(Data items)
┄┄┄┄┄┄┄┄┄┄

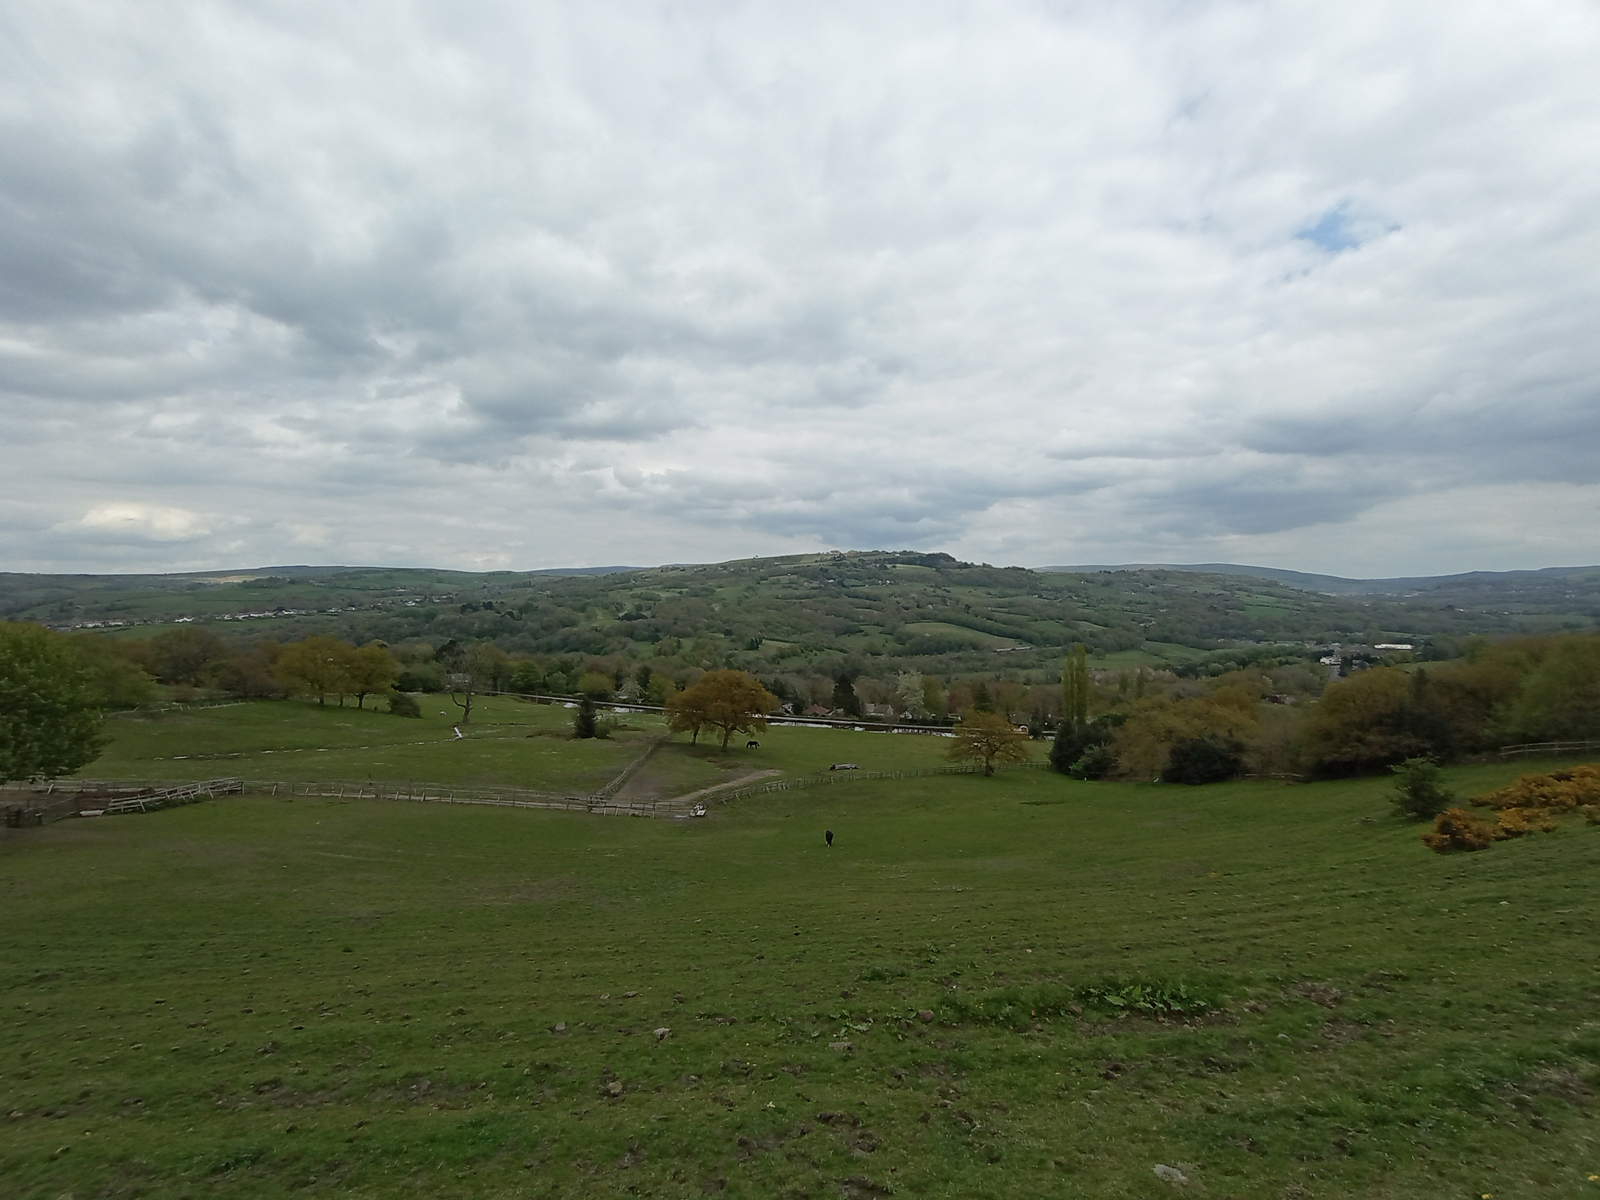 Moto G22 camera sample showing a hilly landscape in ultrawide
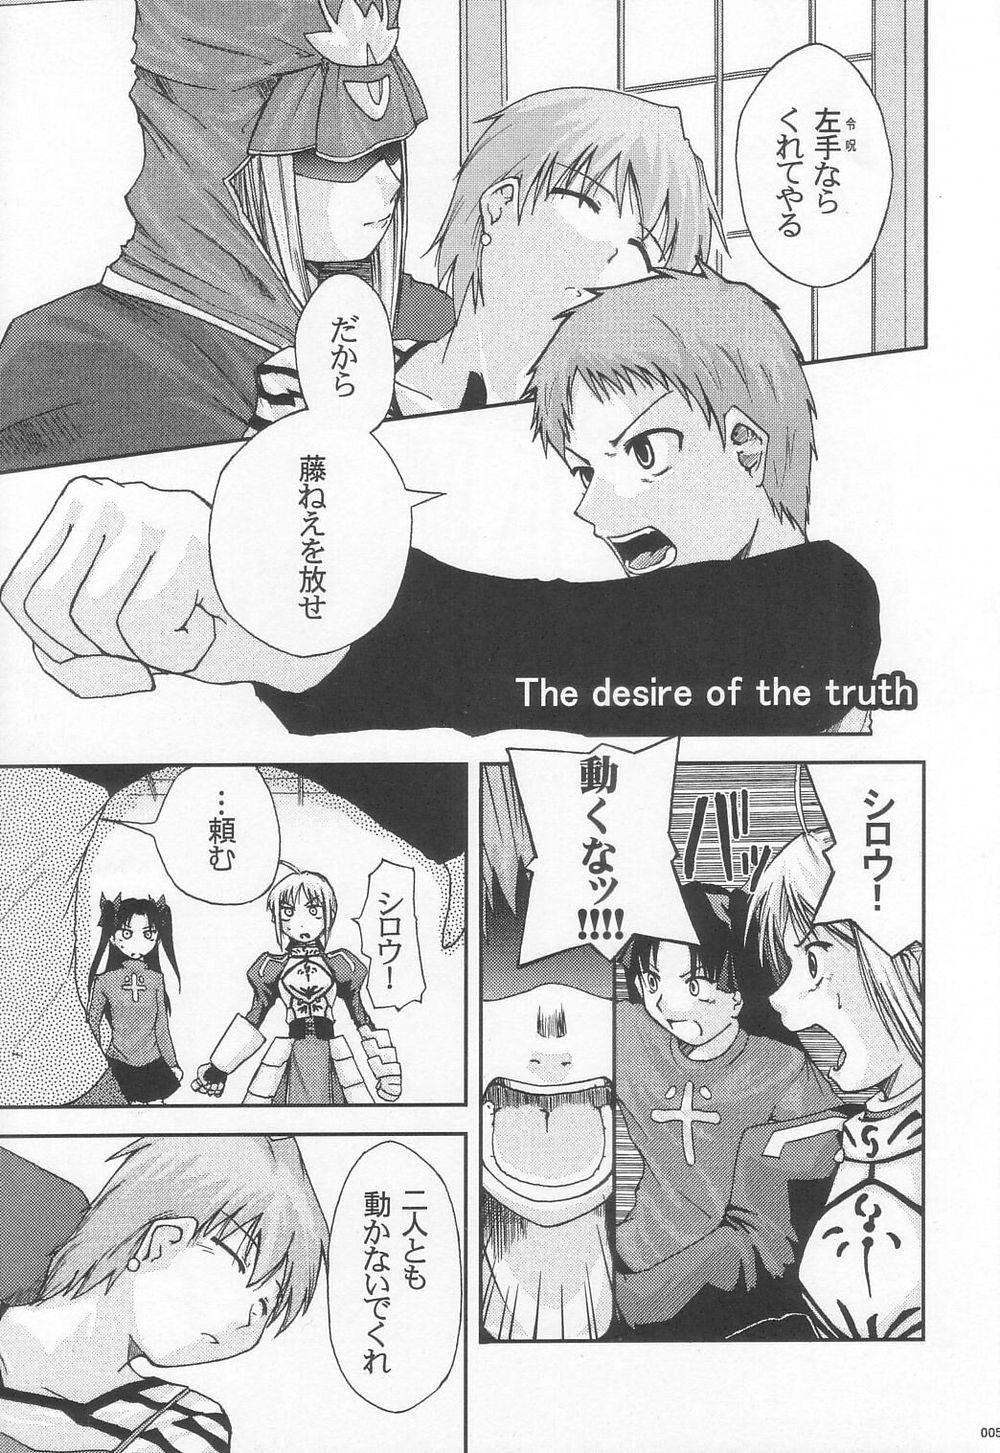 Milf Fuck The desire of the truth - Fate stay night Negra - Page 4
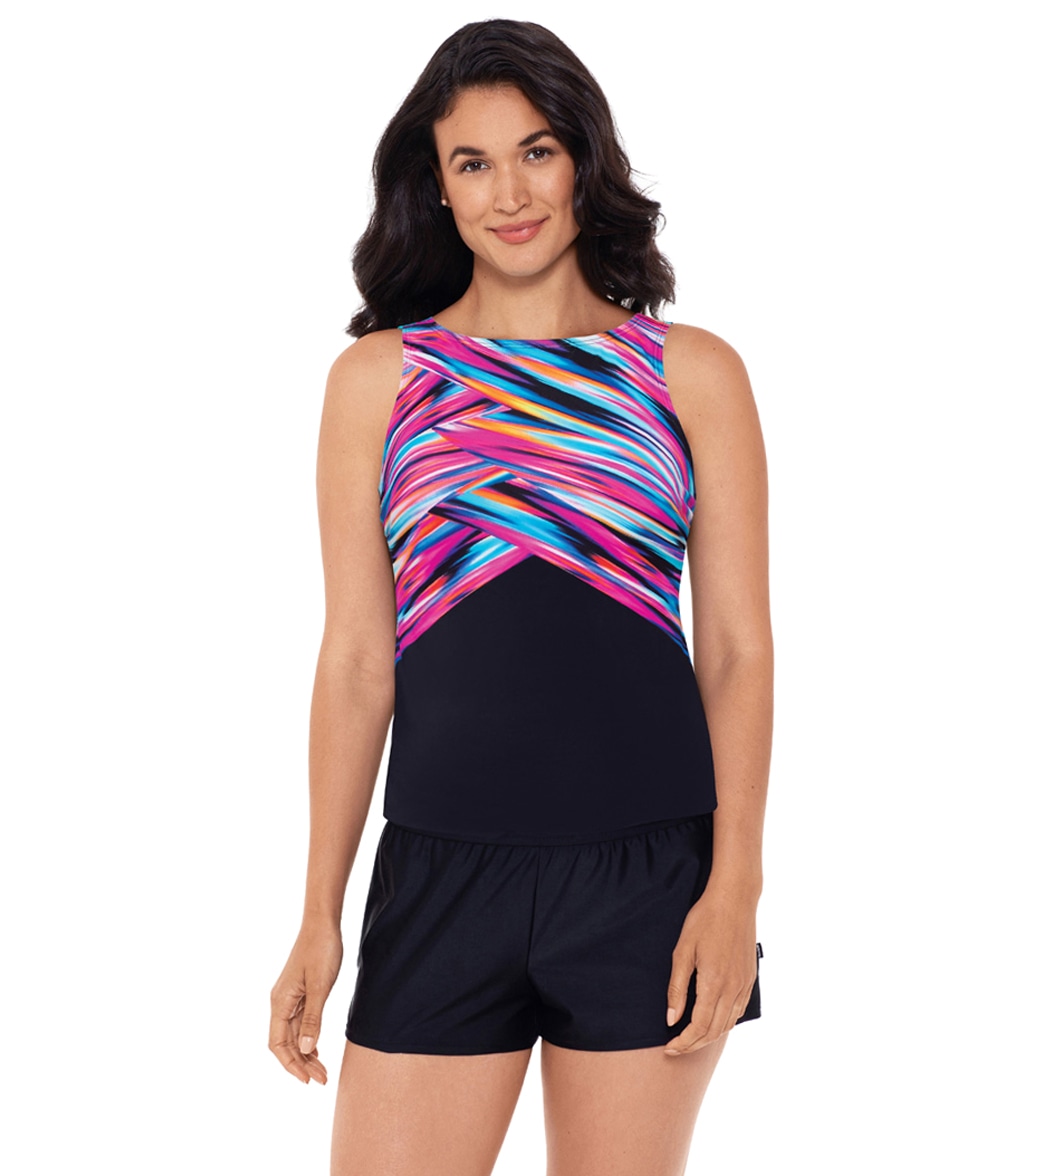 Reebok Women's Wrapped in Perfection High Neck Chlorine Resistant ...
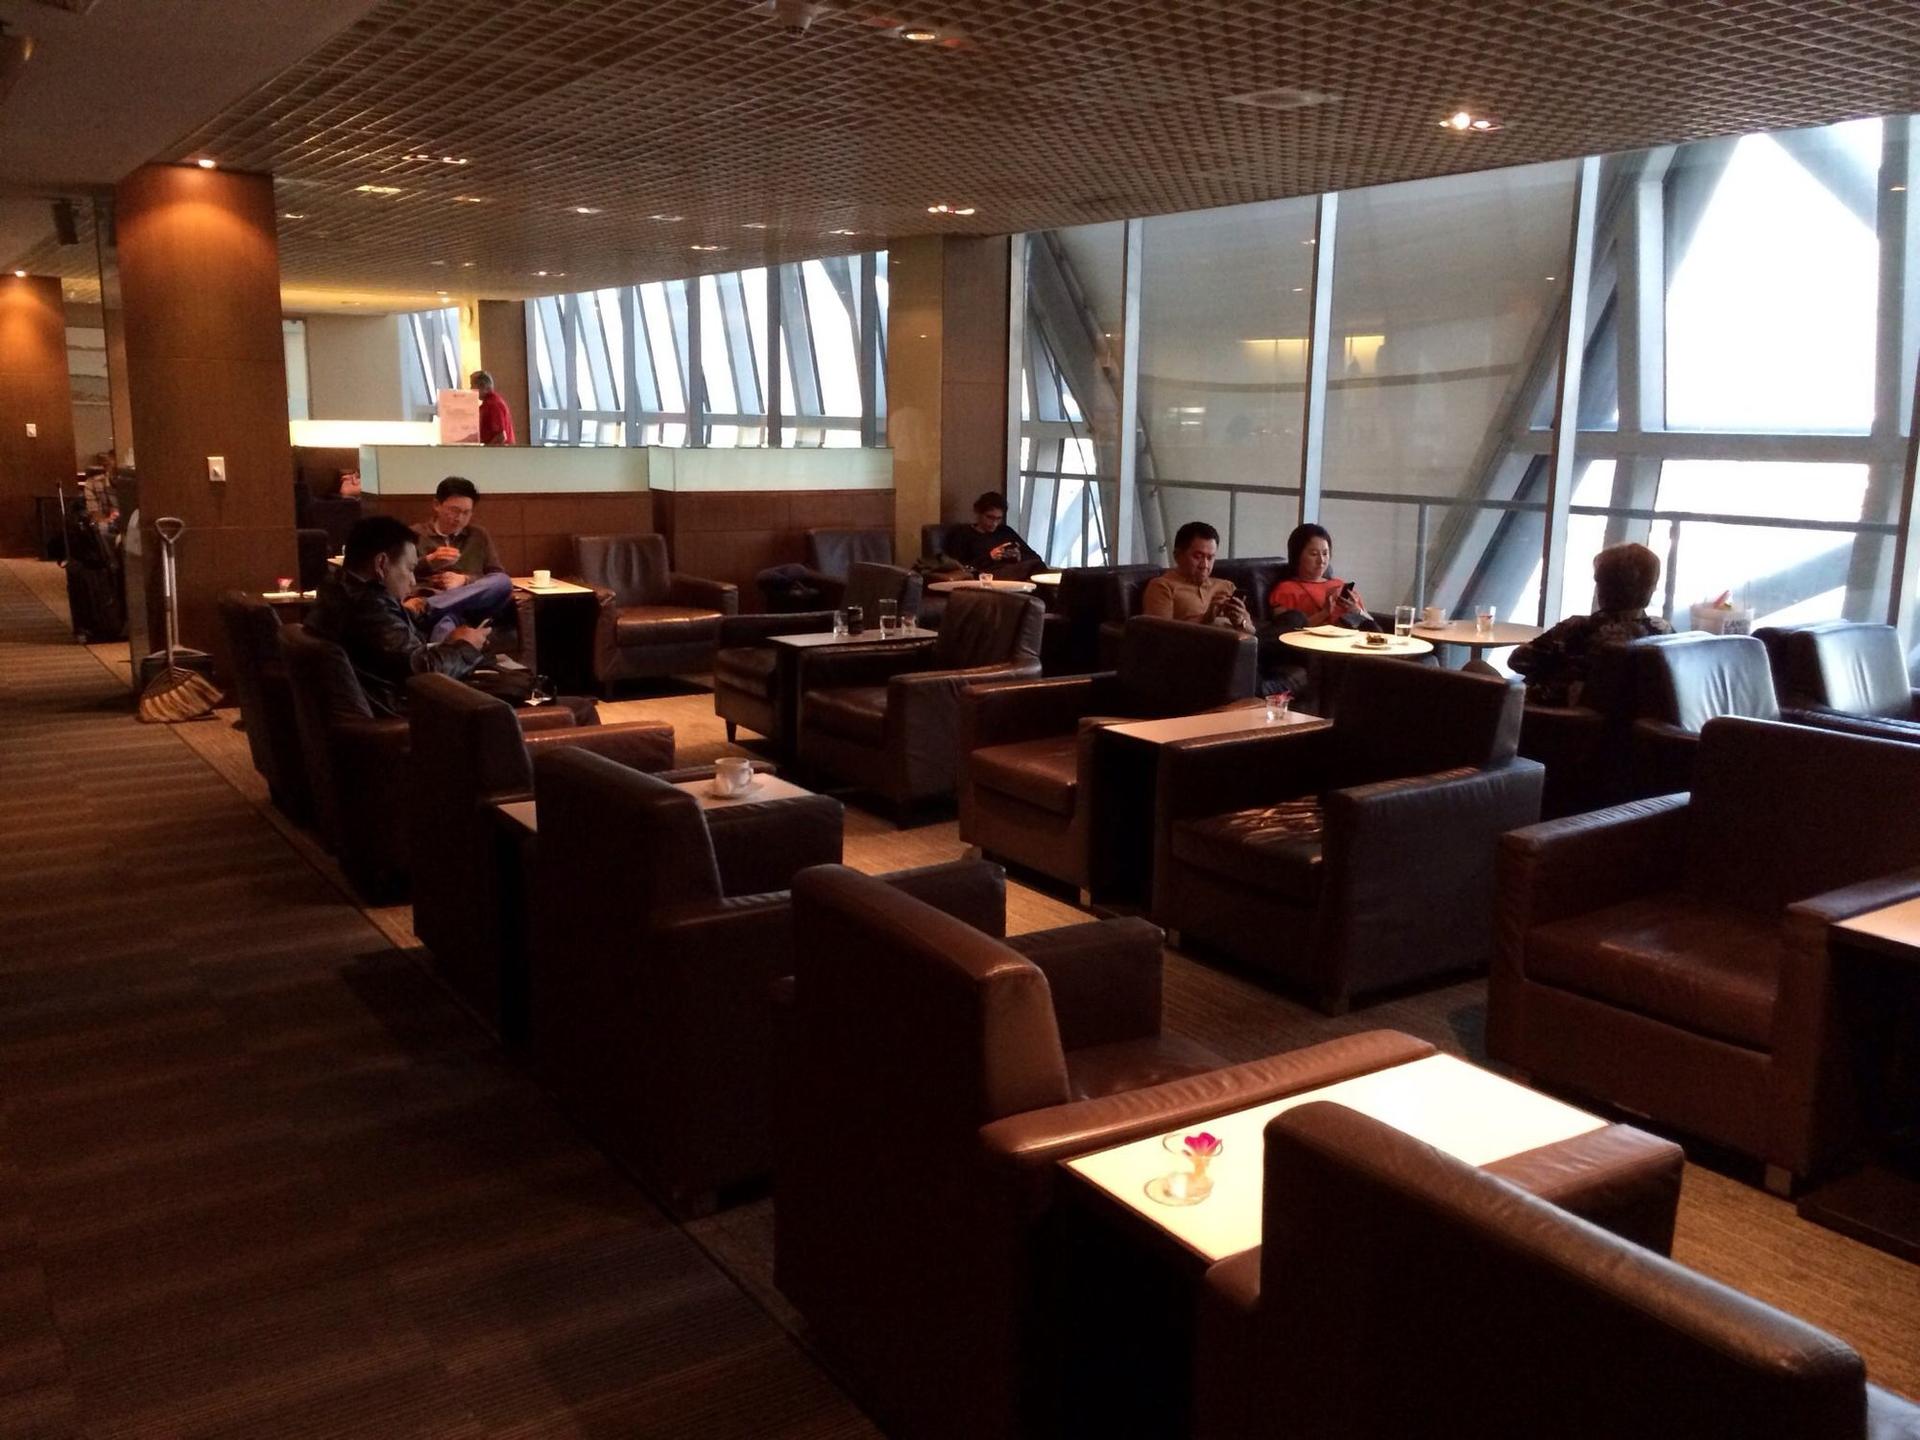 Thai Airways Royal Orchid Lounge image 4 of 15
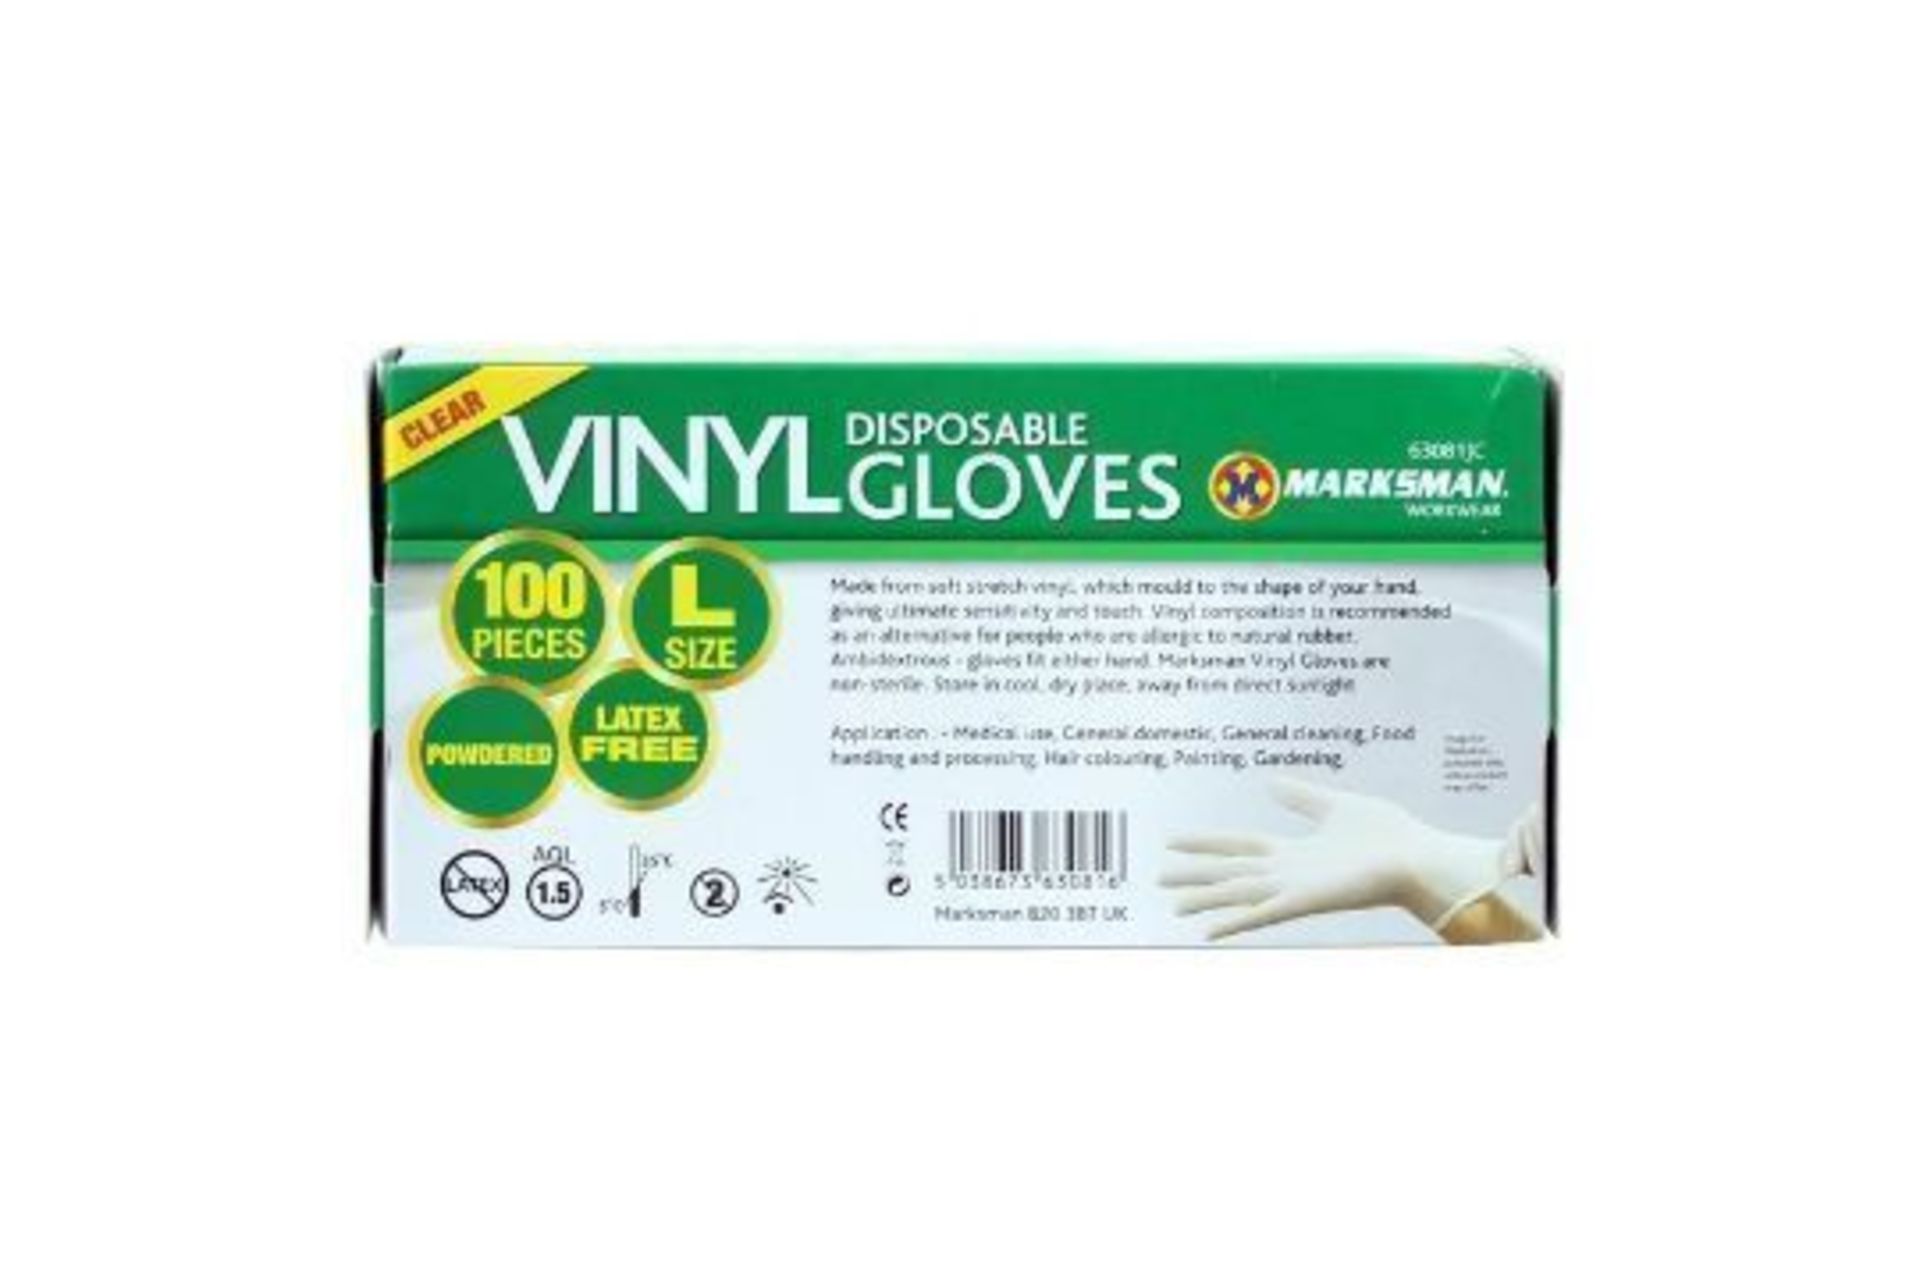 New Marksman Powdered Disposable Vinyle Gloves (SIZE L)

┄┄┄┄┄┄┄┄┄┄

#### [ASSIGNMENT]
Return each entry above unchanged. Leave the pictures out.

#### [RESPONSE BELOW]
 Moto G22 camera sample showing a hilly landscape in ultrawide
 Milf Fuck The desire of the truth - Fate stay night Negra - Page 4
 Reebok Women's Wrapped in Perfection High Neck Chlorine Resistant ...
 Thai Airways Royal Orchid Lounge image 4 of 15
 New Marksman Powdered Disposable Vinyle Gloves (SIZE L)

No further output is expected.